Oh no! This version loops back to the original form. This means that this algorithm would go on reducing forever. Intuitively, this is the case because we are now forcing immediate recomposition of the stack we just decomposed: by doing this + e early, we go back to our original value, instead of slowly navigating toward the end stack. For the same reason, also this following other body variation would not terminate: this + e ++ other

We have one last variation to consider: other + e ++ this This also does not terminate: Termination of Stack[T]++ is only possible if the left element is an empty stack, but the result of Stack[T]+ is always not empty. That is, this implementation of Stack[T]++ calls Stack[T]++ in a way that is guaranteed to call back the same Stack[T]++ implementation over and over.
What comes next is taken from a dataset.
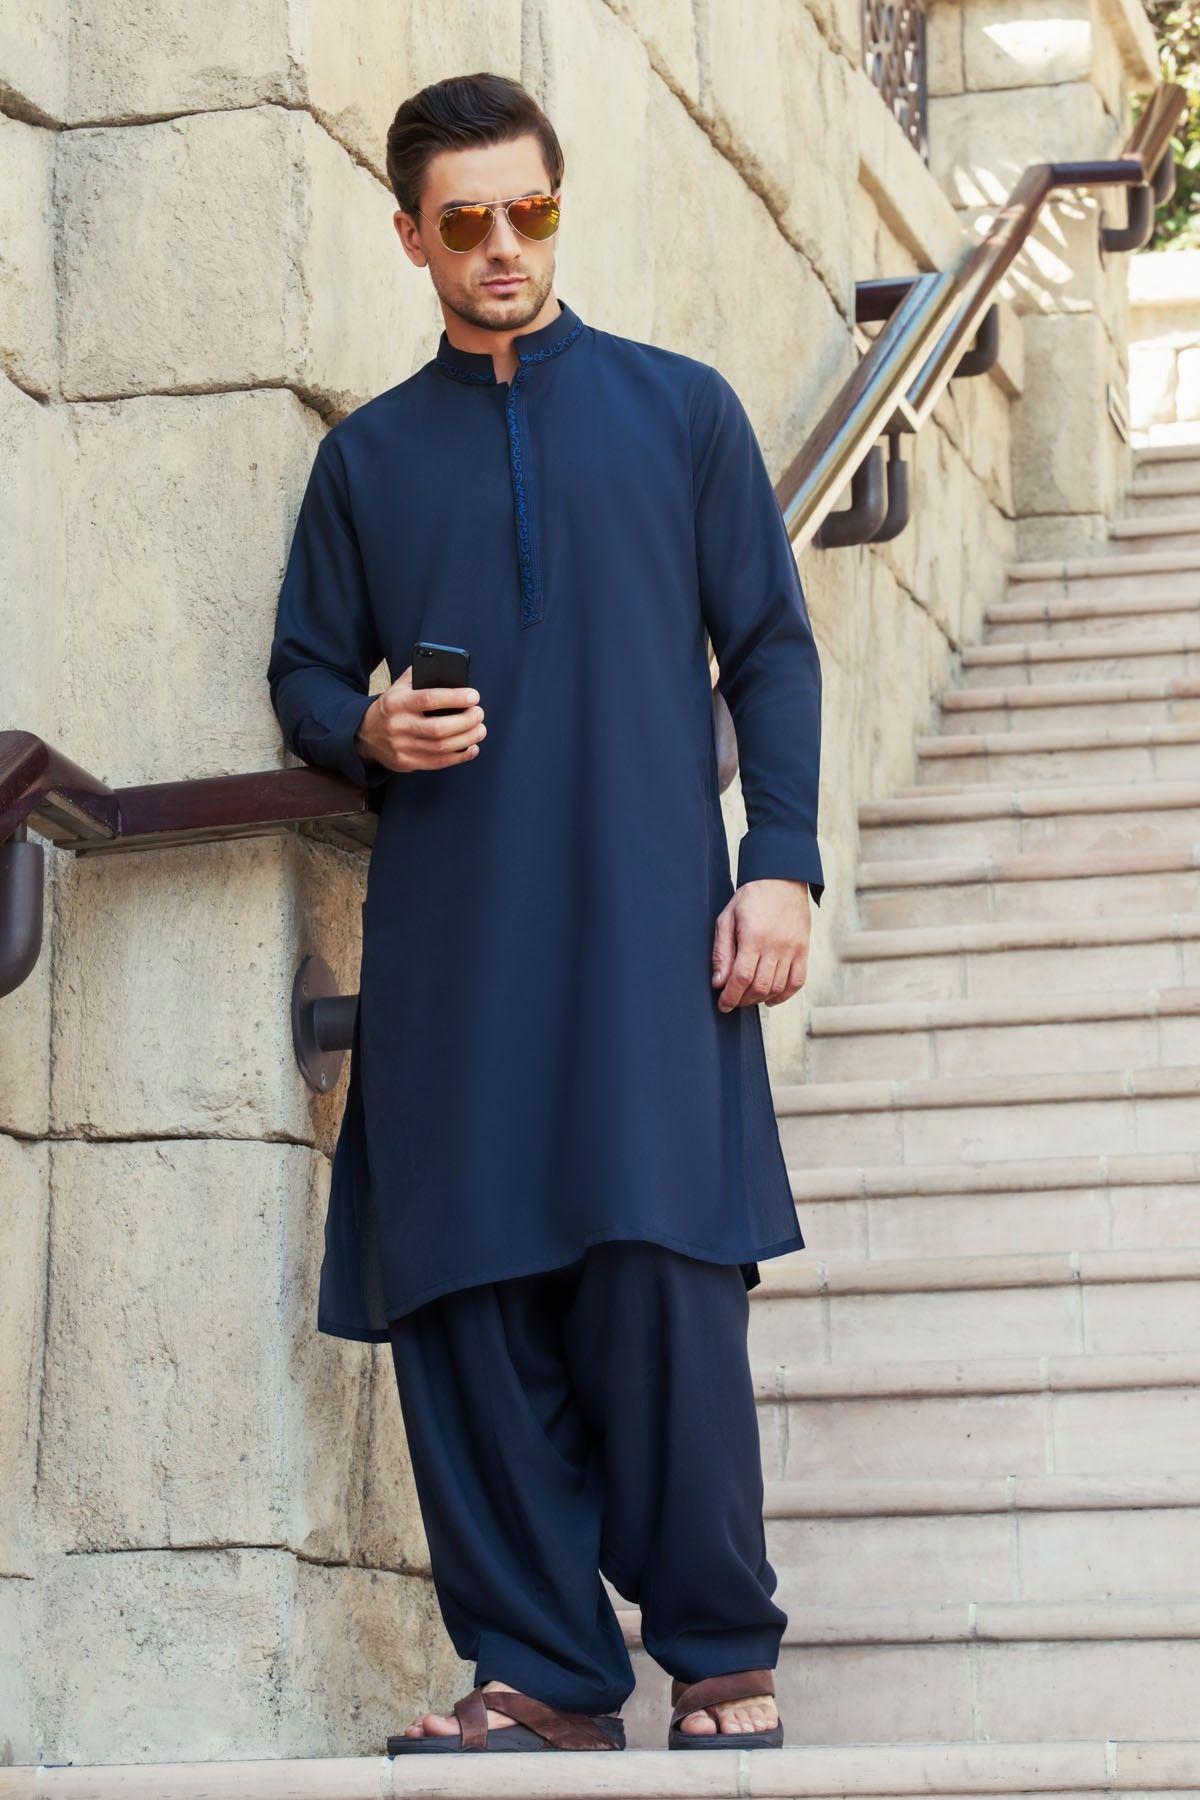 Eid kids kurta shalwar kameez designs 2013 2014 - Bonanza Men Kurta Shalwar Kameez Eid 2016 2017 Collection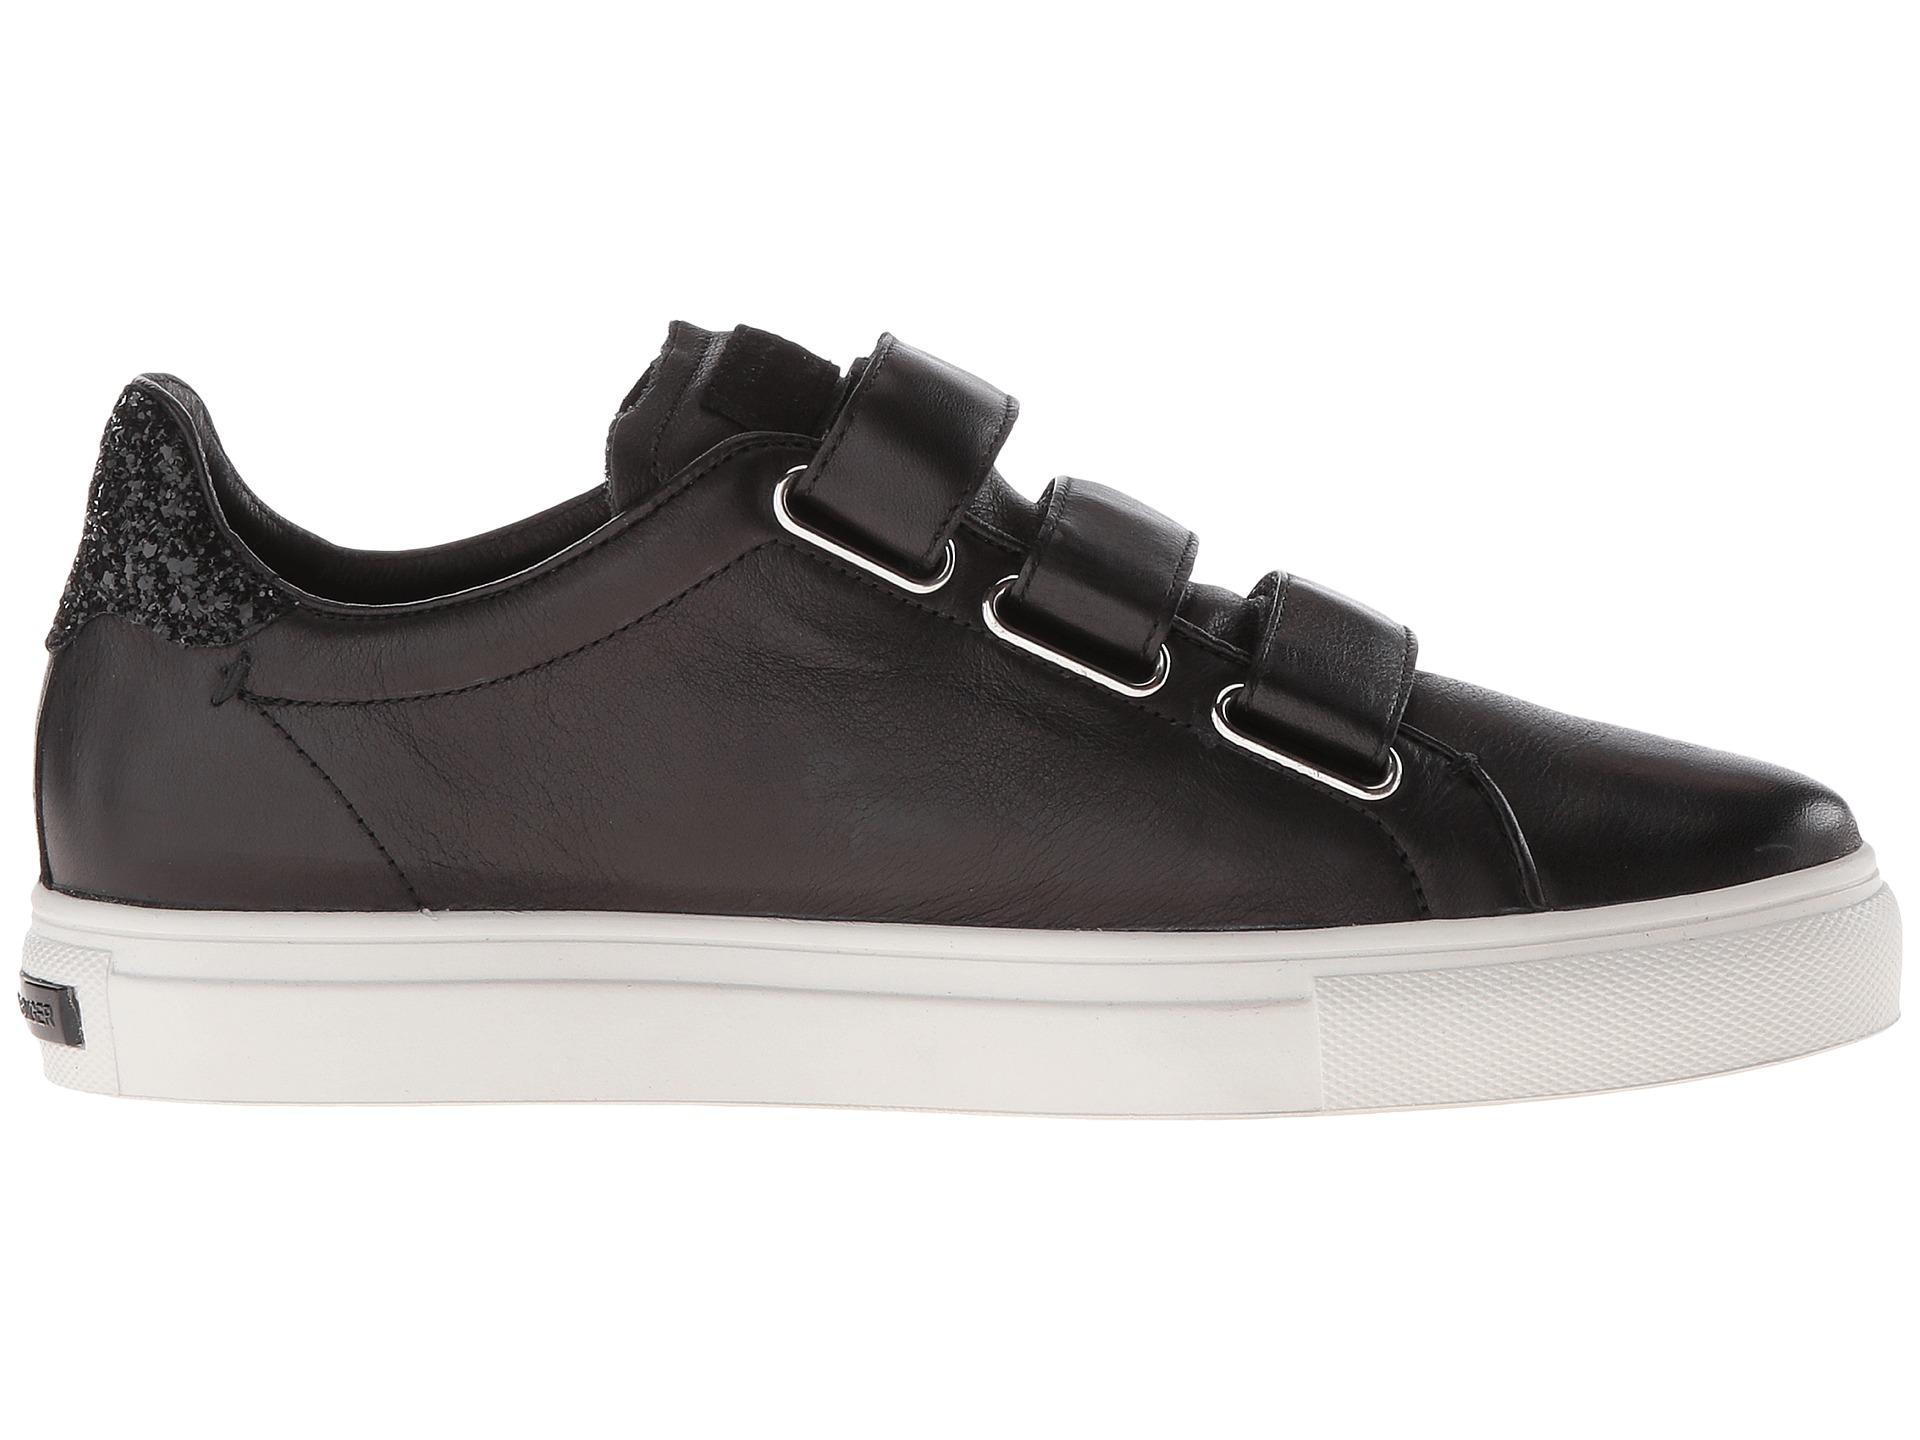 kennel schmenger three strap sneaker black calf glitter. Black Bedroom Furniture Sets. Home Design Ideas

As you can see, there are many ways to permute the ++ and the + call on this, other and e. In order to learn to code, you need to learn to visualise the results of those calls.

We will soon see how Testing can be used to supplement the miserable visualisation skills of most humans.

Conceptually, Stack[T]++ is similar to the peano Number+ operation, and the whole stack concept can be seen as a peano number where some information is stored near each successor call.